**Supplied information**.
BEGIN
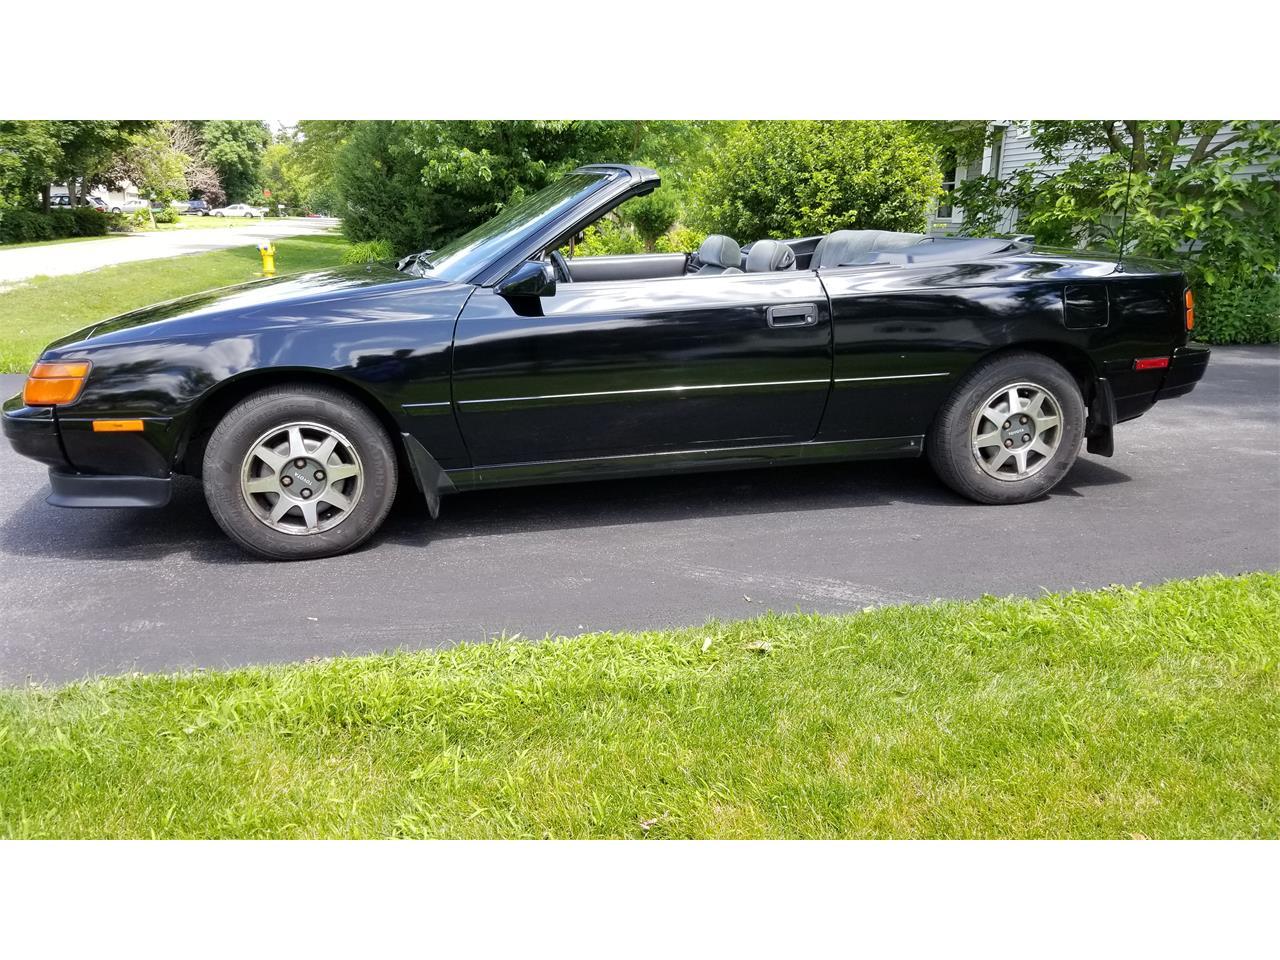 For Sale: 1988 Toyota Celica in LAKE VILLA, Illinois
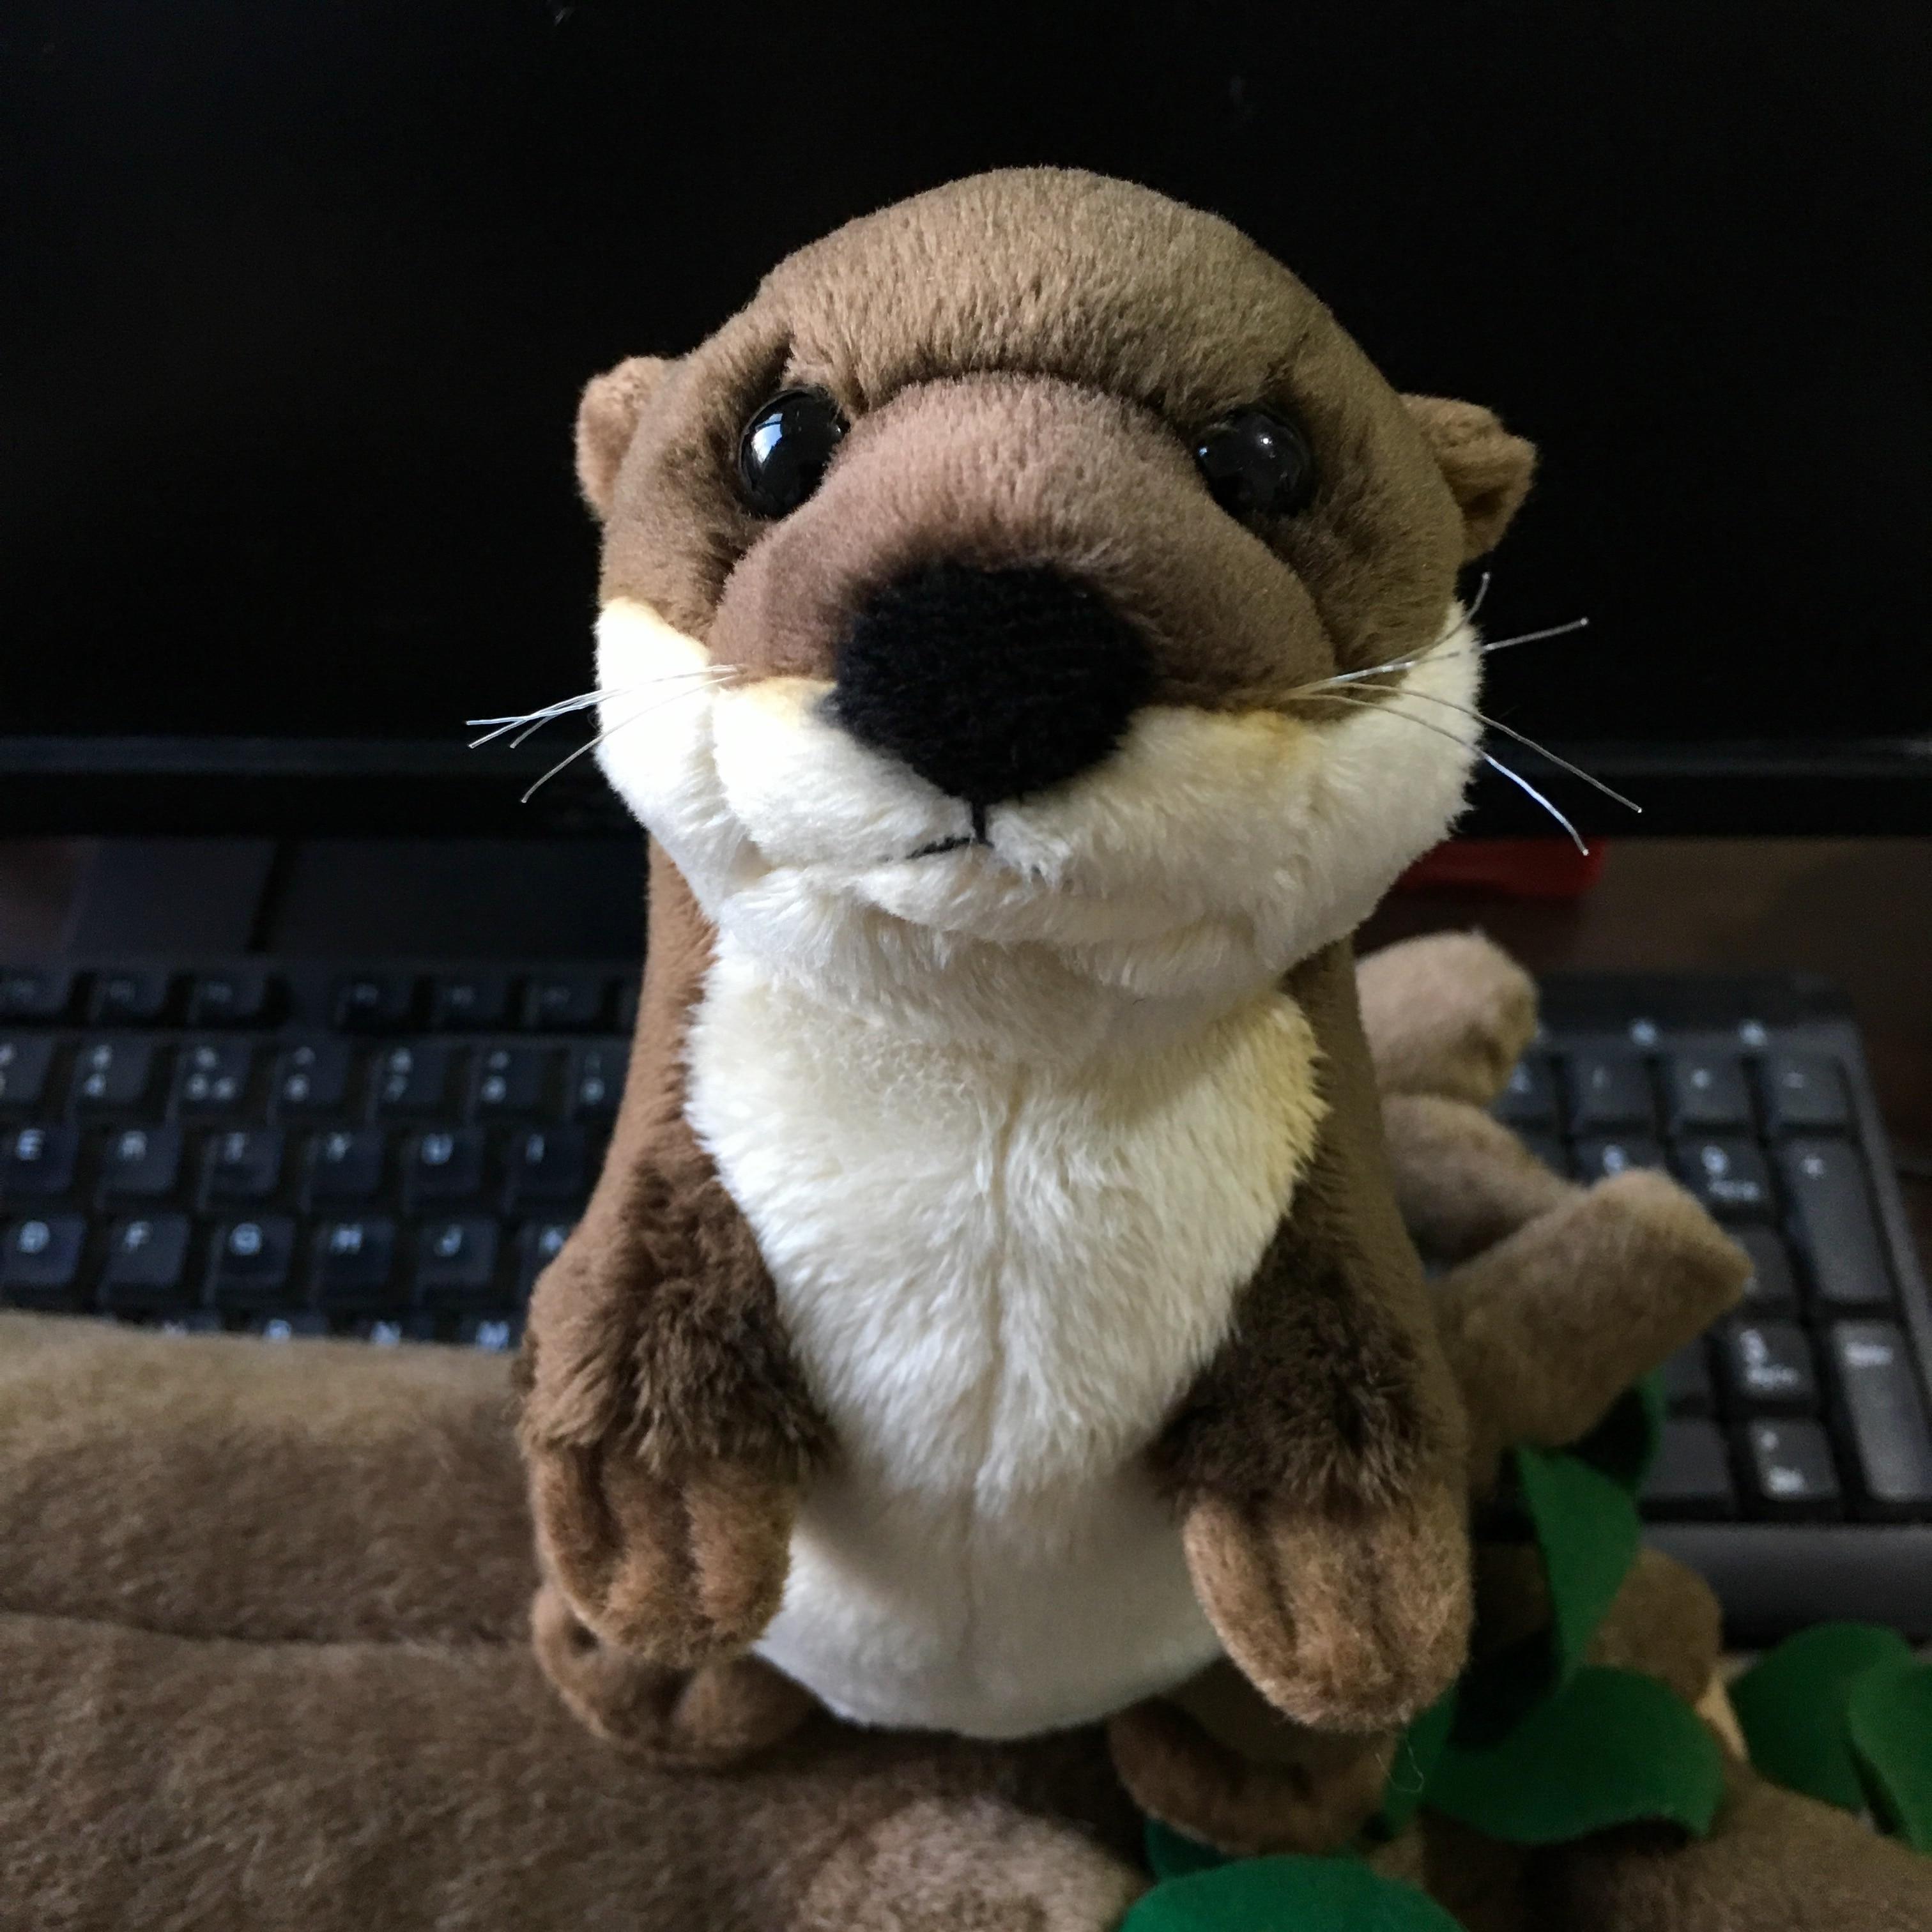 20cm da vida real eurasian rio lontra brinquedo de pelúcia realista animais selvagens brinquedos de pelúcia lifelike macio otters brinquedo presente para crianças
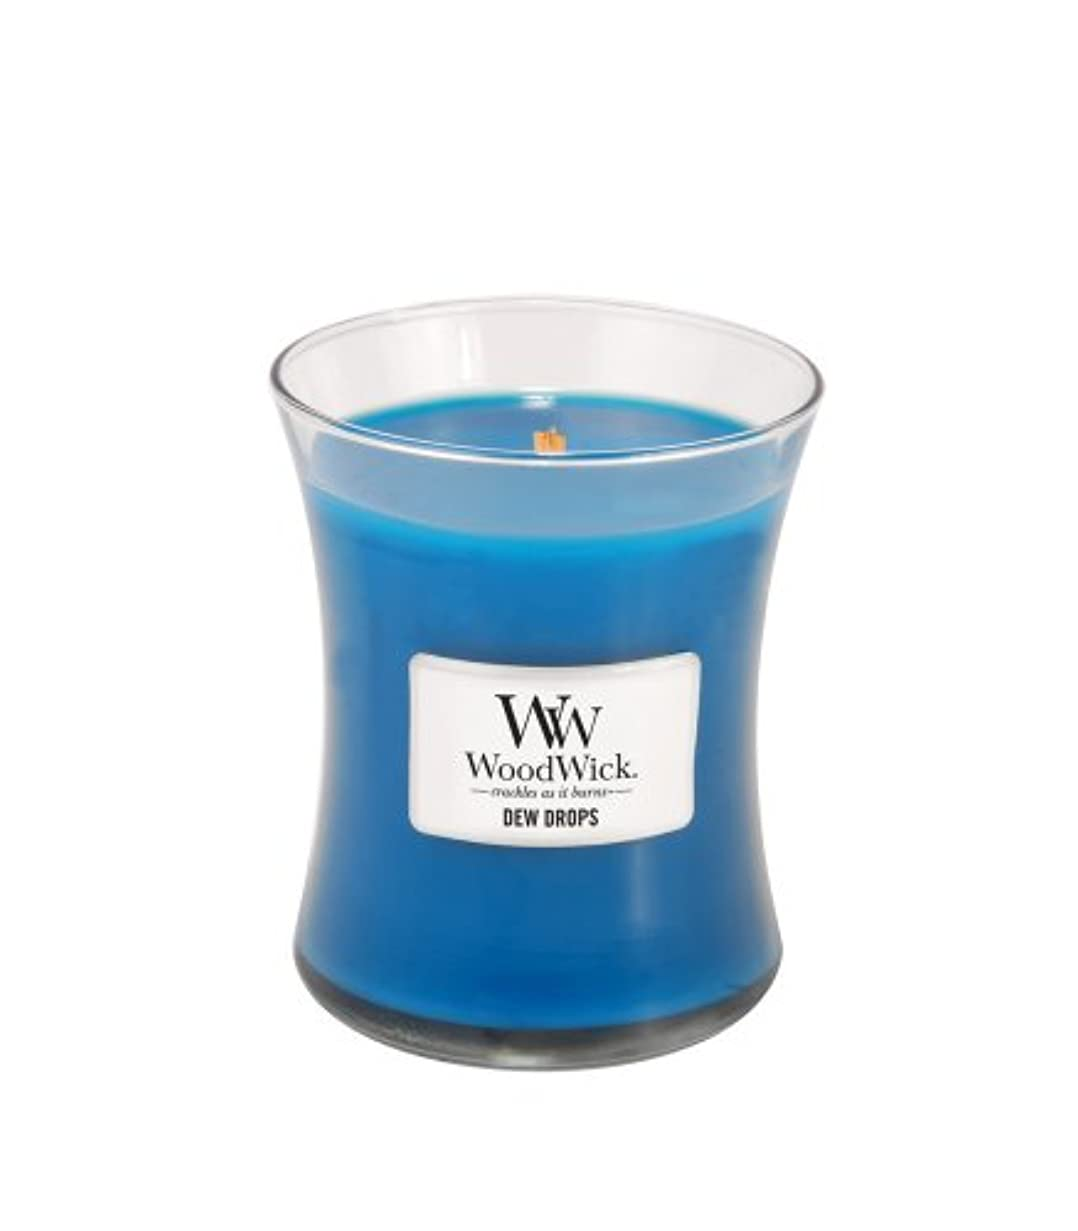 旅行同化拡大する(Medium) - WoodWick Dew Drops Fragrance Jar Candle, Medium
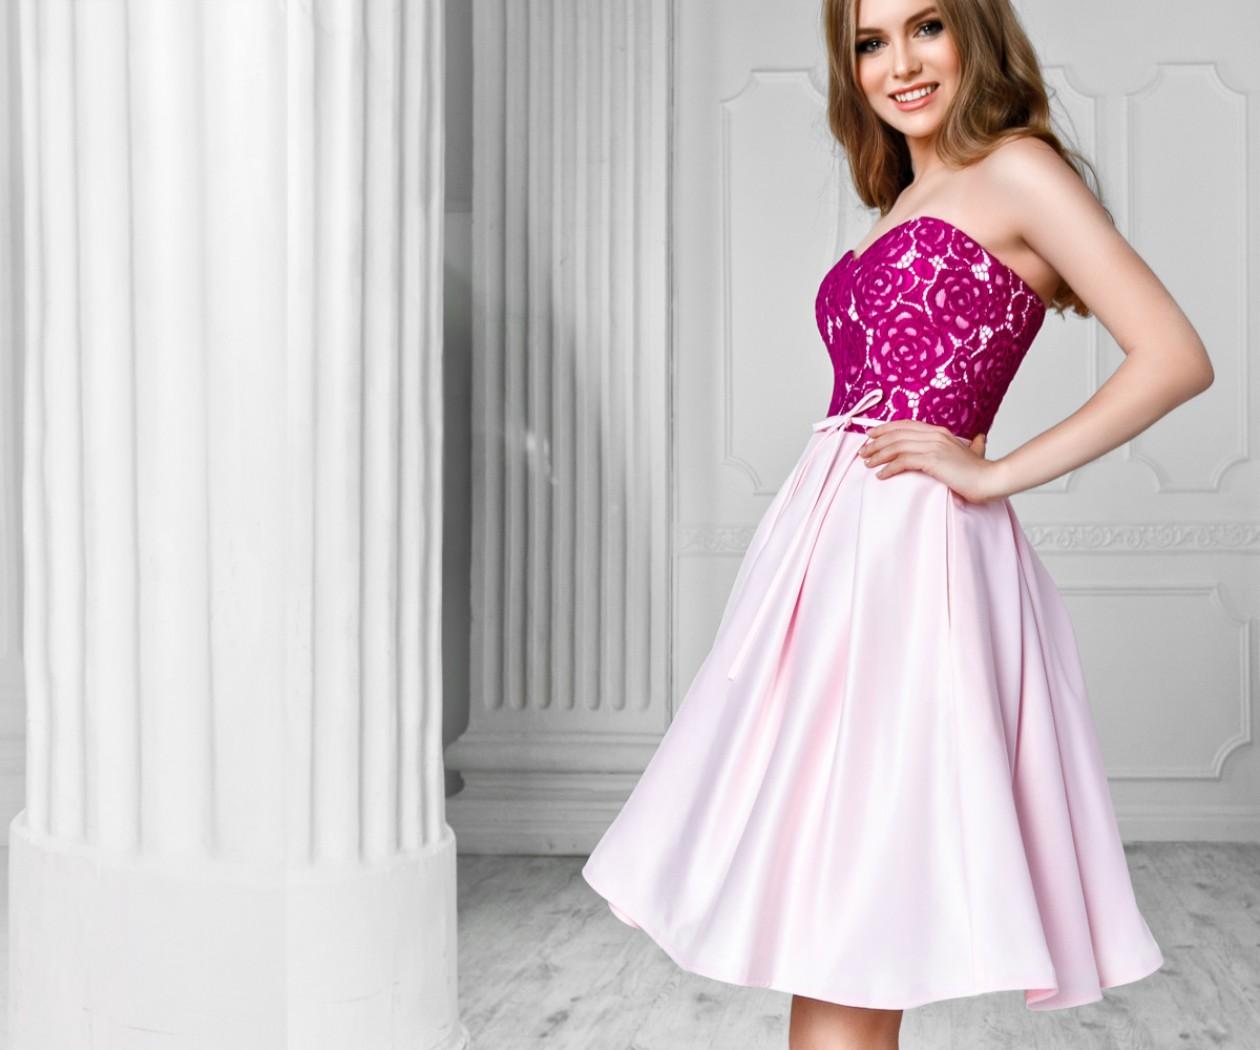 Кокетливое платье с укороченной атласной юбкой и ярким кружевным лифом БЕАТА Мини
END
**Instructions for the task**. Copy the listing over exactly, skipping the pictures it holds.

**Task result**.
 For Sale: 1988 Toyota Celica in LAKE VILLA, Illinois
 20cm da vida real eurasian rio lontra brinquedo de pelúcia realista animais selvagens brinquedos de pelúcia lifelike macio otters brinquedo presente para crianças
 旅行同化拡大する(Medium) - WoodWick Dew Drops Fragrance Jar Candle, Medium
 Кокетливое платье с укороченной атласной юбкой и ярким кружевным лифом БЕАТА Мини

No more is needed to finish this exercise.